Unicode - A 16 bit character encoding scheme that has defined code
points for every character in virtually every language in the world.
All common languages can be expressed in this scheme and include:
18,000 Han characters set by industry standards in China, Japan, Korea
and Taiwan; other supported languages include Greek, Hebrew, Latin,
Pali, Sanskrit and literary Chinese. In addition, several hundred
common math symbols, geometric shapes, and basic dingbats are defined.
At the beginning of a Unicode document is a two byte signature called
the Byte Ordering Mark (BOM) of 0xFEFF so clients can resolve big
endian/little endian differences.

UTF-8 - A special byte encoding that makes full 8 bit transfer over 7
bit gateways safe. Since HTTP is defined to be 8 bit clean, this is
not needed.

The HTTP protocol (since it is a protocol) will always be in Latin-1
using 8 bit characters (and hopefully this will move to a binary scheme).

A good solution for the multi-lingual problem would be to use Unicode
as the character encoding.
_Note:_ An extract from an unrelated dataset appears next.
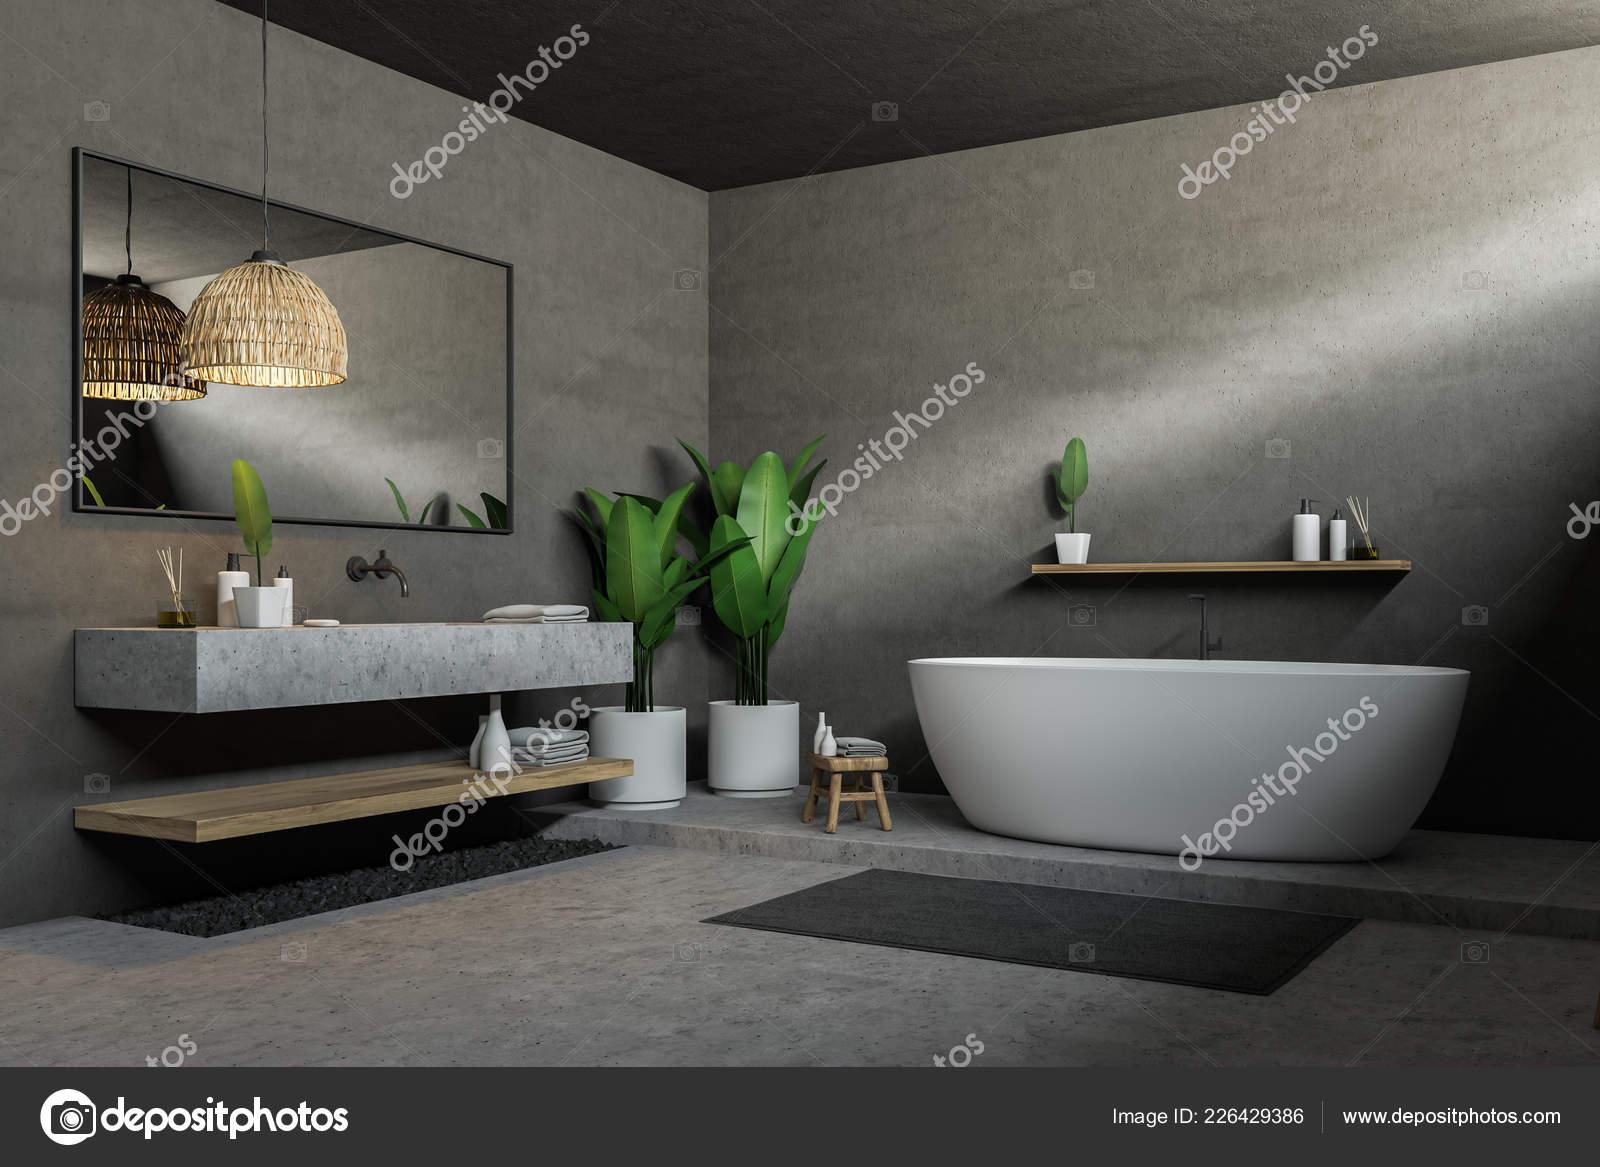 Vasca Da Lavare In Cemento : Angolo del bagno grigio con pavimento cemento vasca bagno bianca

Issues of left to right and right to left
text are simply resolved by the Unicode character code (no language or
locale information needed). A document can contain any language at any
place in the document without special delimiters. The only limitation
is whether the browser has the font for the language and supports
non-left to right languages (which a real international browser should).

To go along with this, I would suggest adding a new MIME type -
"text/uni-html" that indicates the document is using Unicode. This
allows locations that don't need the extra information to not accept
unicode versions of the documents (saves on bandwidth). This also
means that existing servers work and don't care they are serving up
Unicode docs. The HTML definition doesn't change except a remark needs
to be added that if the document is a Unicode HTML document, then the
BOM will be the first two bytes of the document.

I have been writing Unicode networking applications for many years and
I'm sold on it's simplicity and elegance. There is simply no better
way to internationalize a product. If other vendors are interested in
pursuing this with Microsoft, please let me know.

John